How GAI could have helped: It could have highlighted that such a rapid fall suggests concealed bleeding, not dilutional anemia.
Which Prompt Helps:
“What are possible causes of a 3 g/dL hemoglobin drop after cesarean section, and how should concealed bleeding be evaluated?”
Case 6: The Silent Pulmonary Embolism
Scenario: On day two post-cesarean, a patient developed shortness of breath and was reassured it was anxiety. She died of pulmonary embolism.
How GAI could have helped: A ChatGPT query would have listed PE first in the differential and prompted urgent imaging.
Which Prompt Helps:
“Shortness of breath and chest pain two days after cesarean section—what is the most urgent differential and next diagnostic step?”
Case 7: The Missed Hypoglycemia in a Newborn
Scenario: A newborn of a diabetic mother was jittery but not tested for glucose and later developed seizures.
How GAI could have helped: A simple generative prompt could have tied the maternal diabetes history to neonatal hypoglycemia risk.
Which Prompt Helps:
“Newborn of a diabetic mother is jittery at one hour of life. What is the likely cause and immediate management?”
Case 8: The Undiagnosed Cholestasis
Scenario: A 30-year-old woman with intense itching at 37 weeks was reassured. A week later, she experienced stillbirth from intrahepatic cholestasis of pregnancy.
How GAI could have helped: GAI could have surfaced cholestasis immediately and suggested bile acid testing.
Which Prompt Helps:
“Third-trimester pregnant woman with severe itching on palms and soles—what is the differential and what labs should be ordered?”
Case 9: The Unrecognized Uterine Rupture
Scenario: A VBAC patient reported severe pain and fetal bradycardia. Staff assumed cord compression; rupture was discovered during crash cesarean.
How GAI could have helped: The system could have prioritized uterine rupture and prompted immediate response steps.
Which Prompt Helps:
“During VBAC, the patient develops sudden pain and fetal bradycardia. What are possible causes and emergency actions?”
Case 10: The Missed Preeclampsia Warning
Scenario: A 24-year-old woman with headache and blurry vision was discharged after a “borderline” blood pressure. She seized two days later with eclampsia.
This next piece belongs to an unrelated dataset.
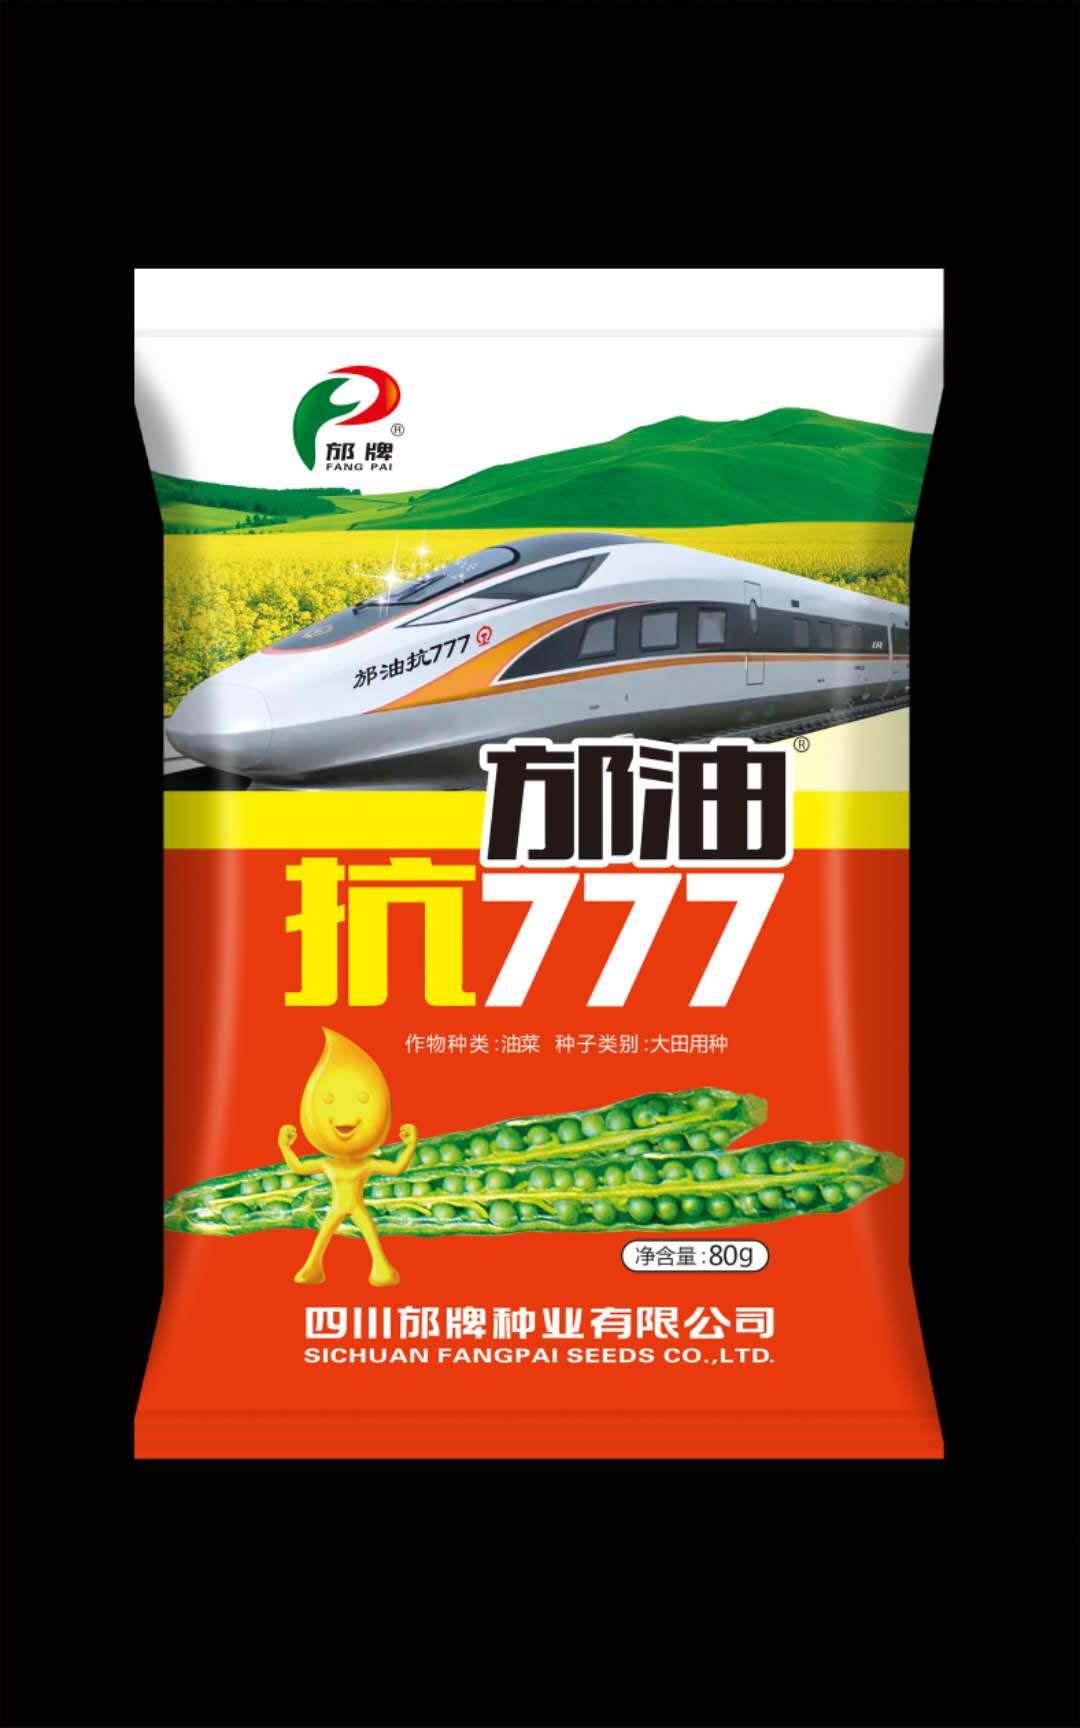 品种名称:邡油抗777

How GAI could have helped: GAI could have generated a preeclampsia checklist, linking symptoms and prompting appropriate labs before discharge.
Which Prompt Helps:
“A 24-year-old at 35 weeks presents with headache, visual changes, and BP 142/90. What diagnoses should be considered and what labs ordered?”
What GAI Adds to Clinical Judgment
Generative AI doesn’t diagnose—it reminds clinicians to think comprehensively. In triage, it can instantly generate a structured differential, suggest next steps, and identify overlooked connections. It is a real-time intellectual companion that turns fragmented observations into diagnostic reasoning.
Ethical Dimension: Using GAI Responsibly
GAI should augment, not replace, human thought. But ethically, when tools can prevent harm through faster reasoning or better documentation, ignoring them becomes a lapse in diligence. Proper use demands verification, accountability, and ongoing training.
Reflection / Closing
Each case above began with the same error: an assumption that something was “probably fine.” Generative AI doesn’t guarantee perfection, but it can break the habit of premature closure—the cognitive trap that ends diagnostic reasoning too soon. The future of safety in obstetrics will belong not to machines that think for us, but to those that make us think better.